Volume 16, Issue 1 (12-2024)
Abstract
Hepatocellular carcinoma, predominant form of liver cancer, is the main cause of death in patients with liver cirrhosis. Podophyllotoxin, a natural anticancer compound, has ideal anti-tumor properties. However, its use is limited due to poor solubility and bioavailability. Finding a suitable drug delivery system have great importance in improving the bioavailability of podophyllotoxin. In this study, mPEG-PCL nanoparticles have been used for delivery of podophyllotoxin to liver cancer cells. mPEG-PCL copolymers were synthesized and characterized by DLS, FTIR and NMR analyses methods. The critical micellization concentration was 0.055 µg/ml. The z-average and surface charge of micelle was 186 ± 12 nm and -5.13 mV, respectively. podophyllotoxin was loaded in micelles in different w/w ratios of drug: copolymer.
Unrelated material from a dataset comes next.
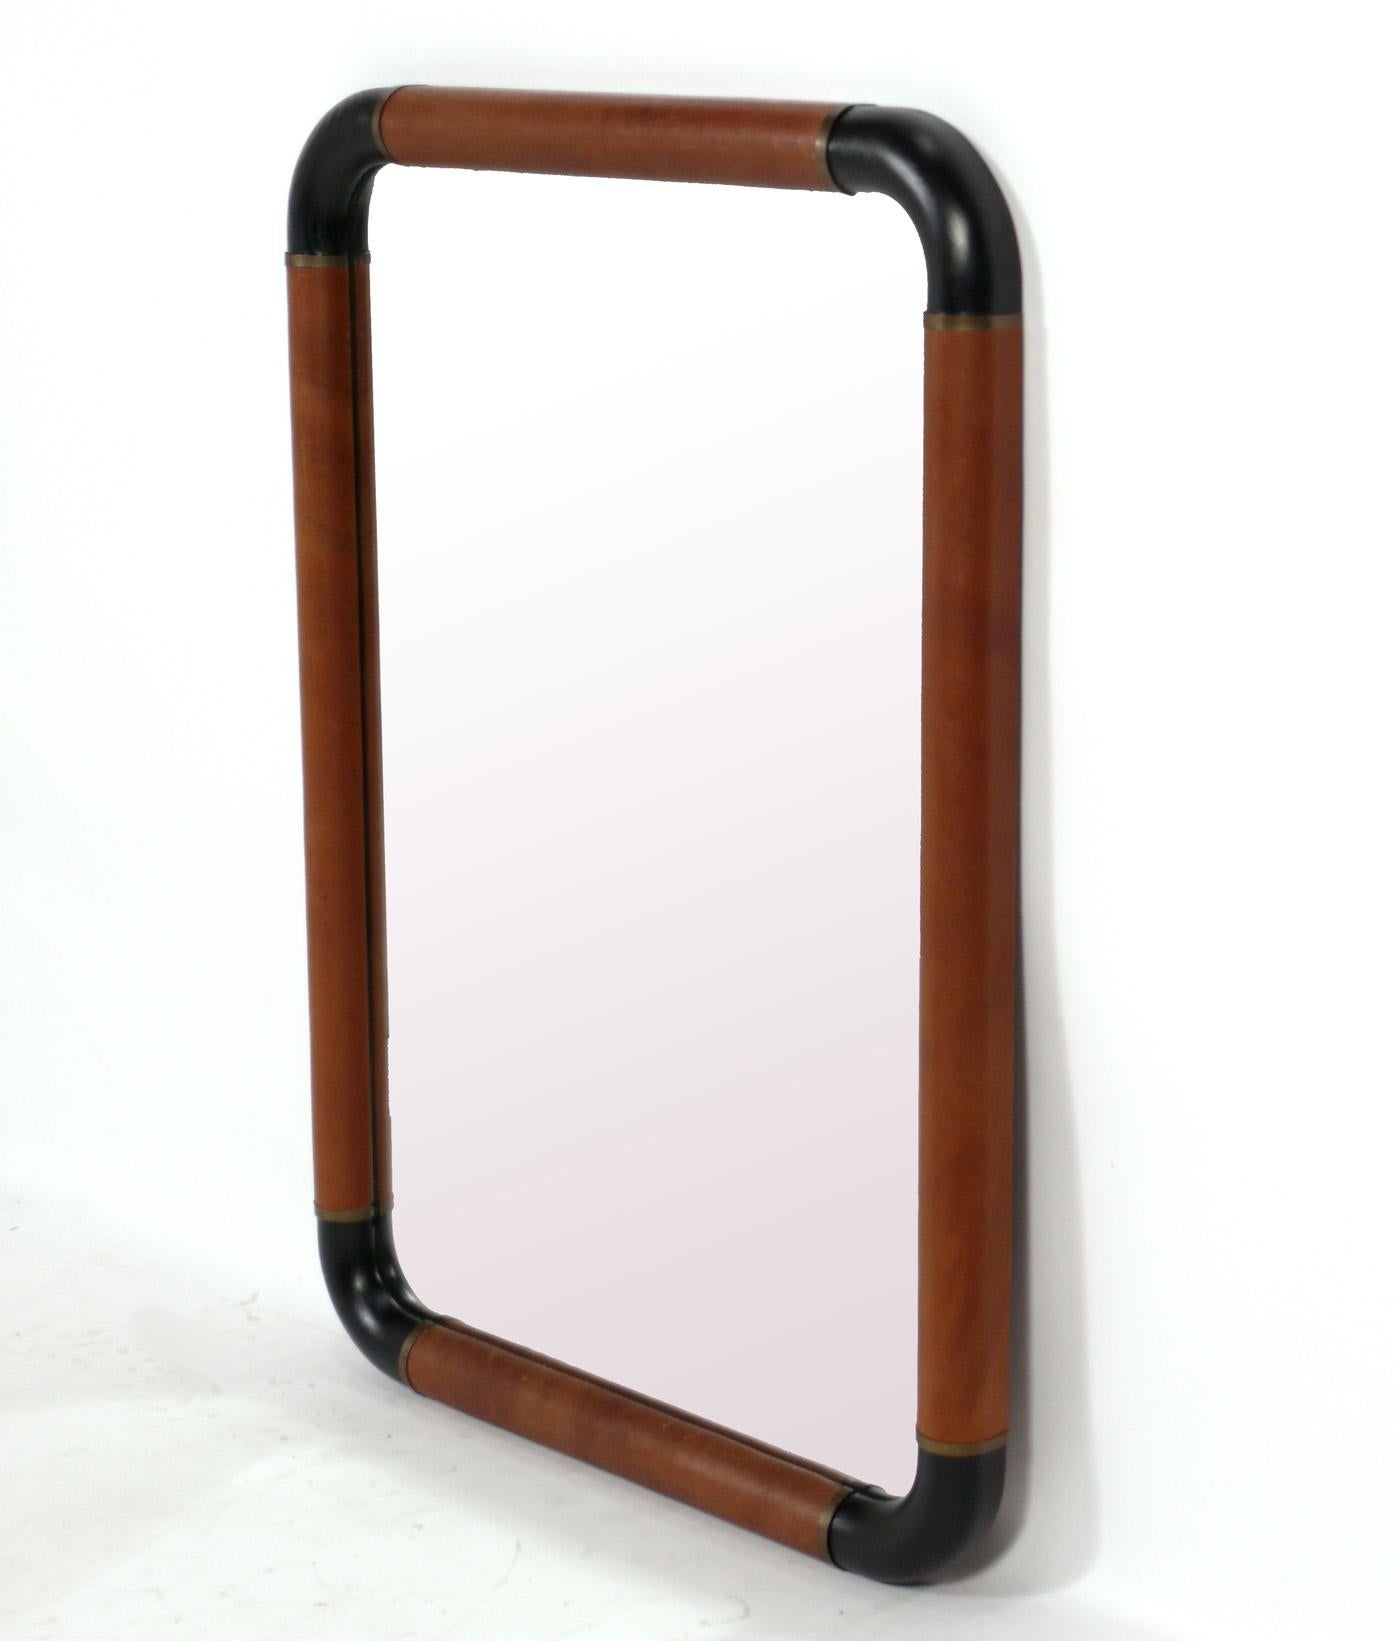 Cognac Leather and Black Oak Mirror with Brass Trim, in the manner of Jacques Adnet, France, circa 1960s. The black stained oak portions have recently been refinished. The cognac leather and brass elements retain their warm original patina.

The size of the nanodrug was 214 ± 20 nm and the weight ratio of 1:1 with encapsulation efficiency of 77.36 ± 1.23 % was selected as the optimal ratio. The drug release results showed a significant difference between the rapid release of free podophyllotoxin and the more stable release of the loaded drug. At 37°C, drug release was higher, which was attributed to the destruction of polymersome structure at this temperature. According to the cytotoxicity study, the IC50 value for nanodrug (8.64 μg/ml) was lower than the IC50 value for the free drug (12.79 μg/ml), which showed the effect of improved cytotoxicity of nanodrug compared to the free drug. The results proved the polymersome can be potential carriers for delivery, controllable release and improve the toxicity effect of podophyllotoxin in cancer chemotherapy.